> [TASK BRIEF] Everything from the line with "Mapa del imperio" through the final line of the listing below must be retyped exactly, apart from the pictures.

> [COLLECTED DATA]
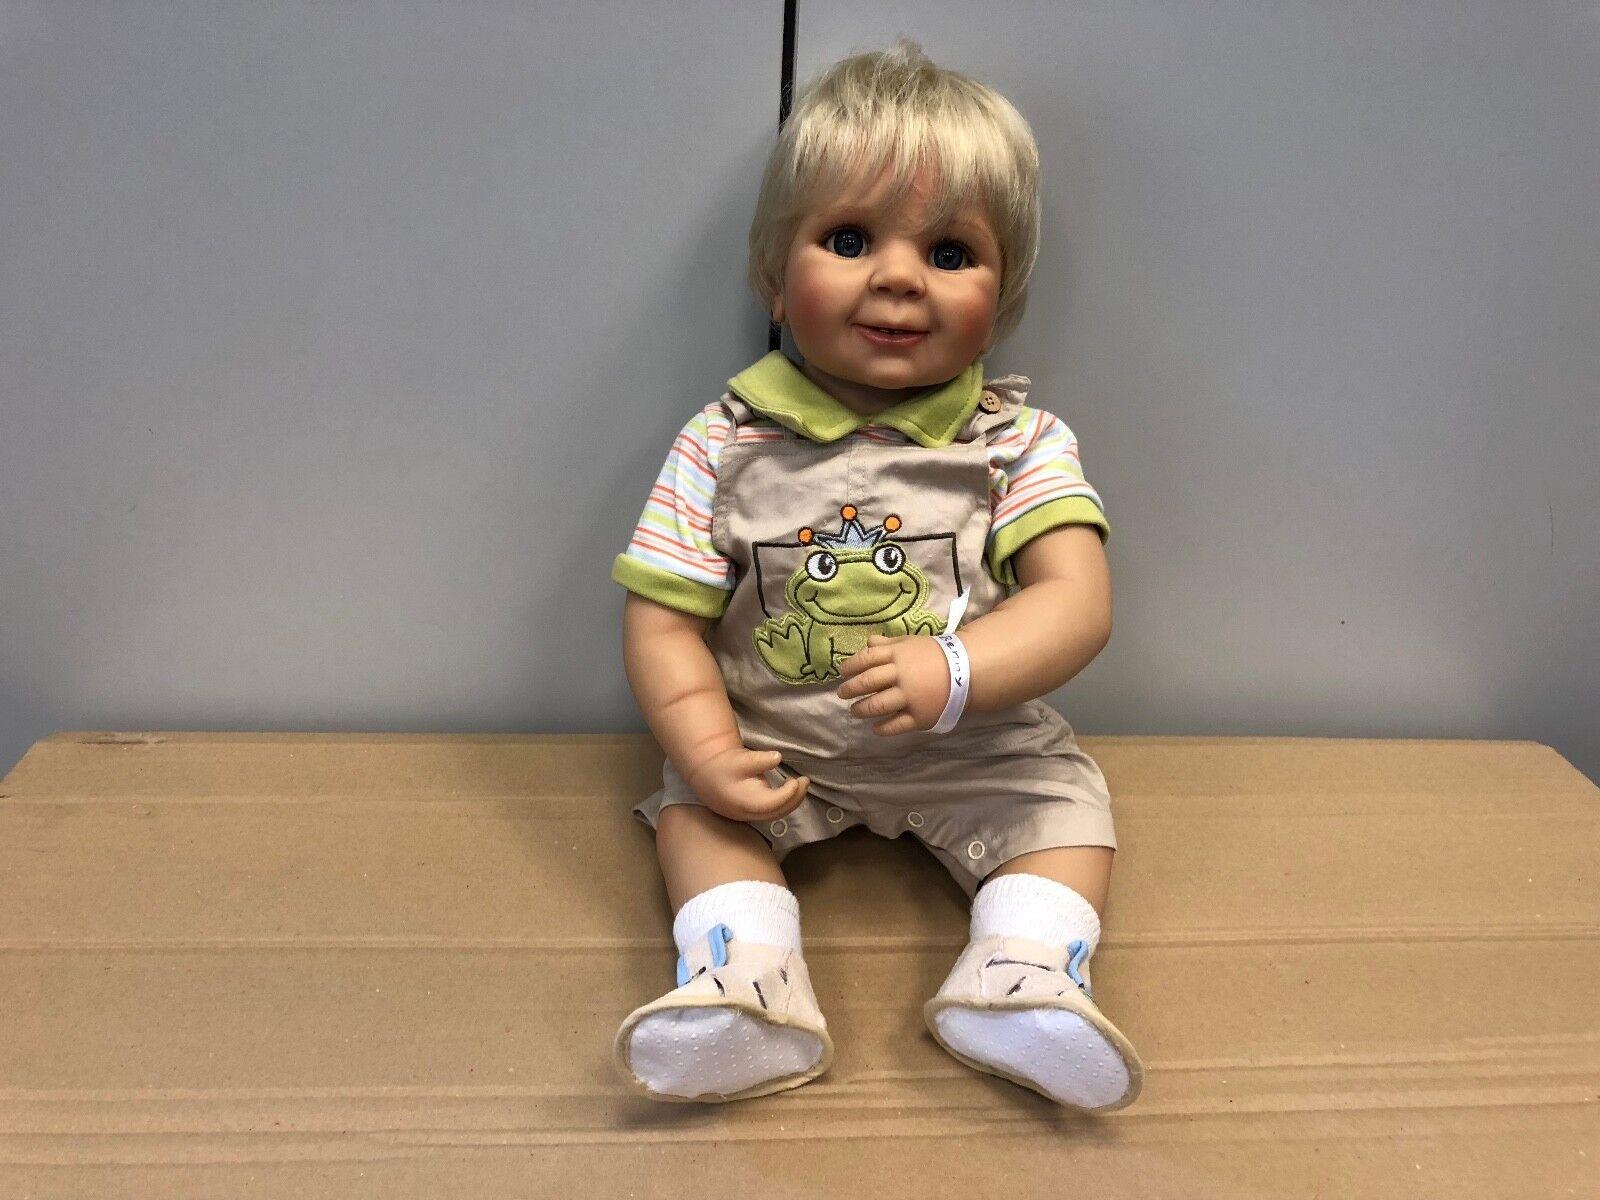 Monika  Gerdes vinile bambola 57 CM. OTTIMO stato  Miglior prezzo
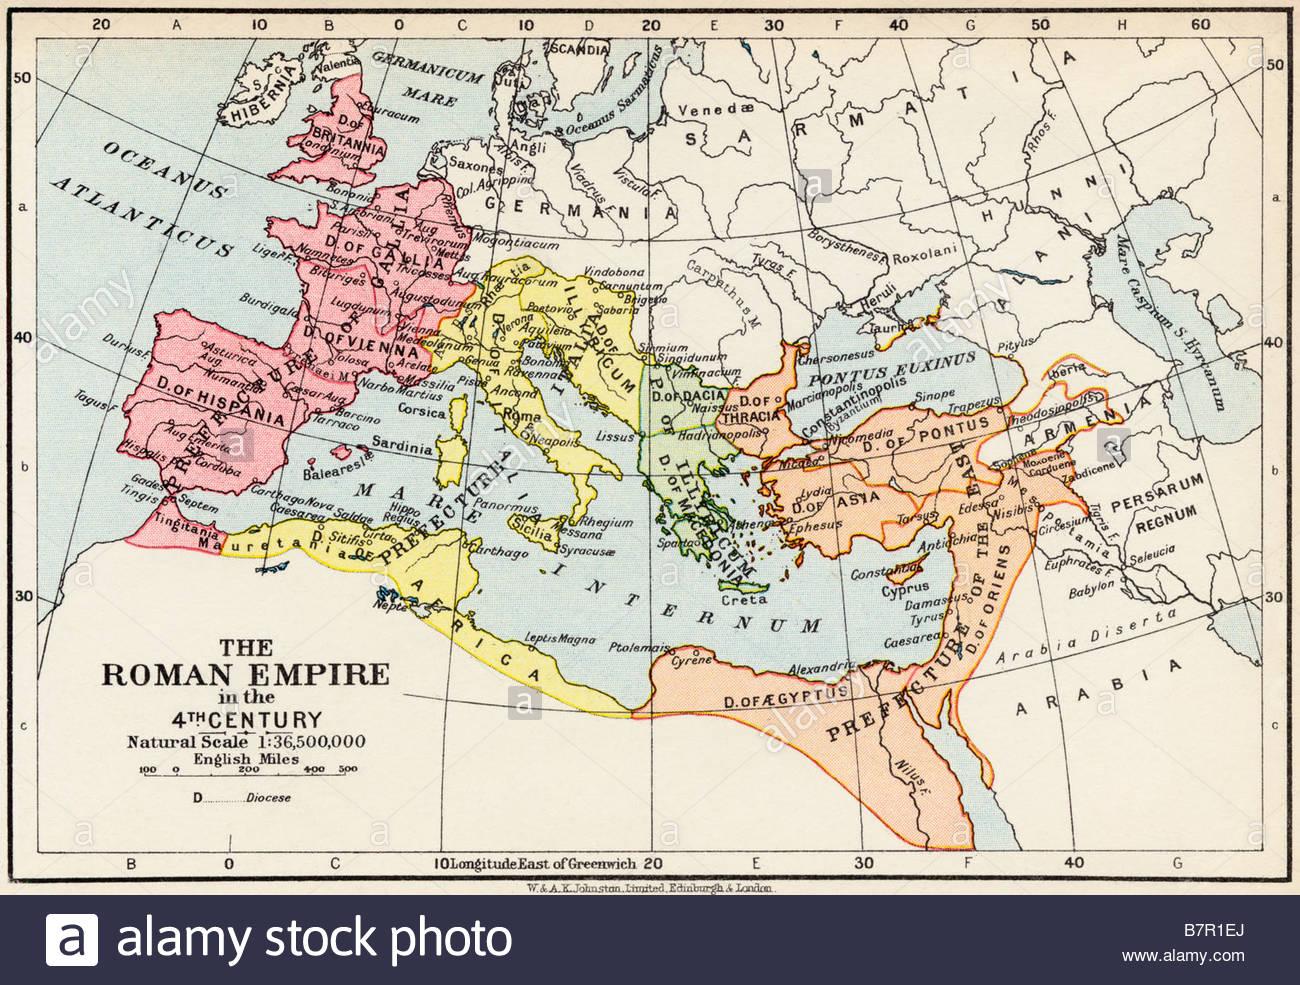 Mapa del imperio romano durante la cuarta centuria
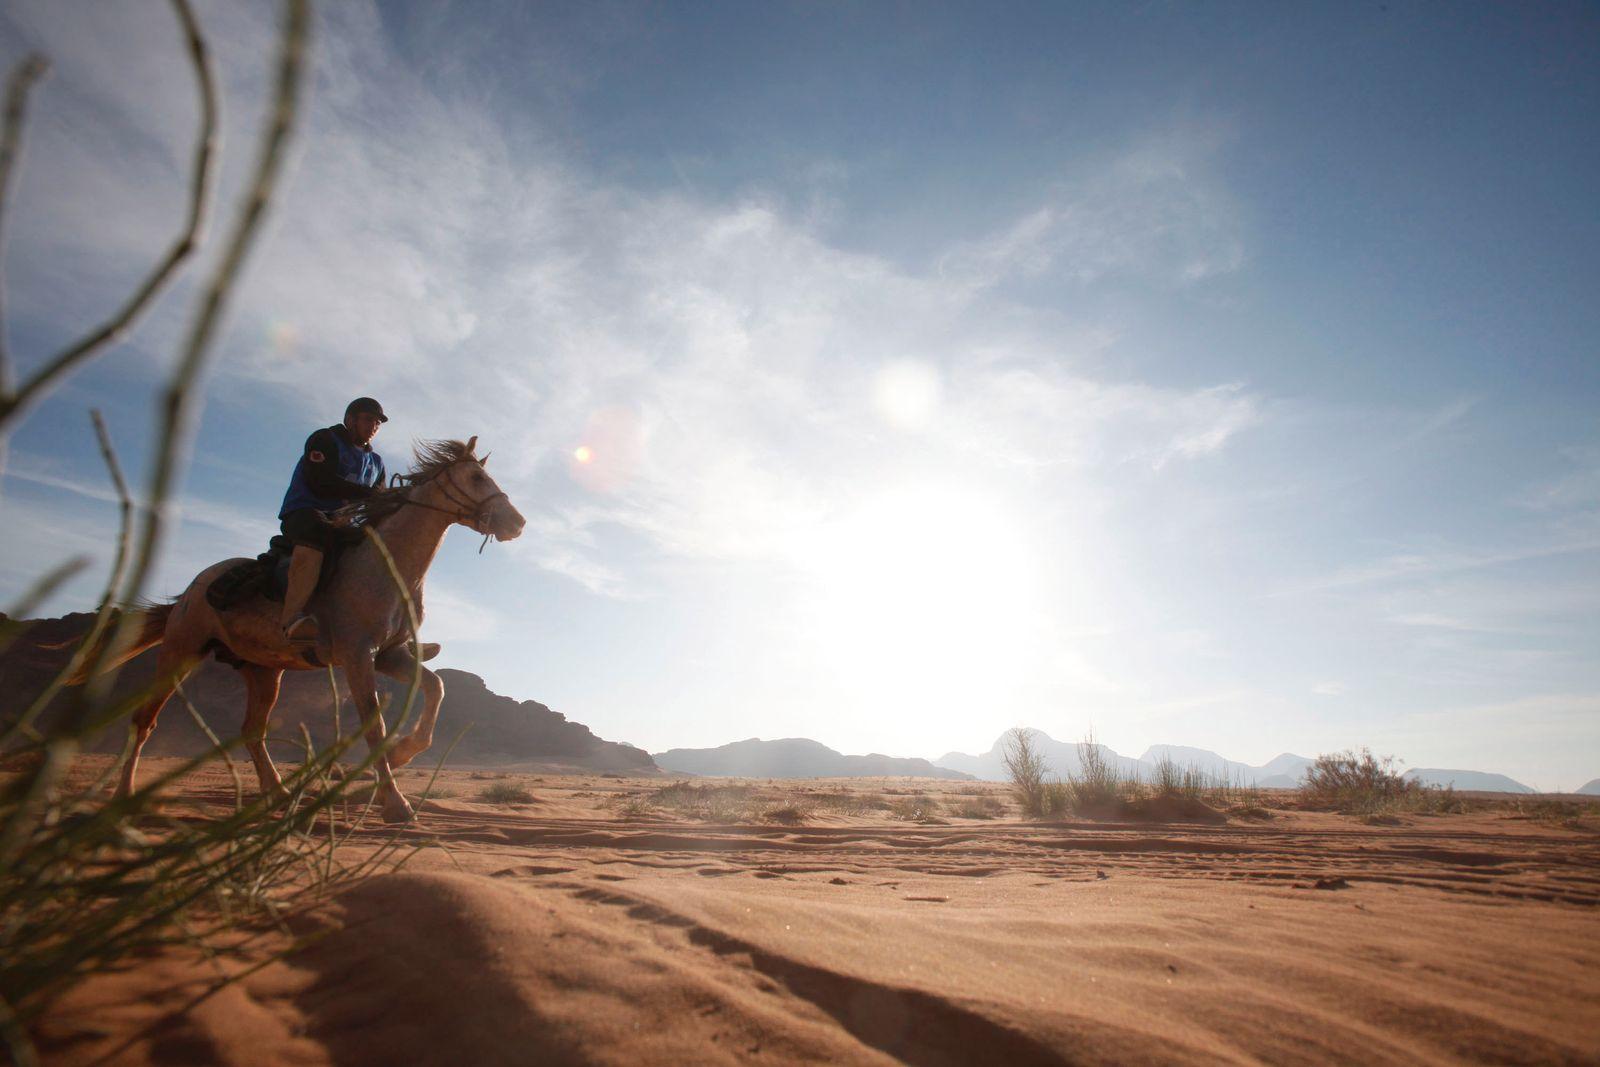 Endurance Horse Race In Jordans' Wadi Rhum

> [SOLUTION FOR THIS PROBLEM]
 Mapa del imperio romano durante la cuarta centuria
 Endurance Horse Race In Jordans' Wadi Rhum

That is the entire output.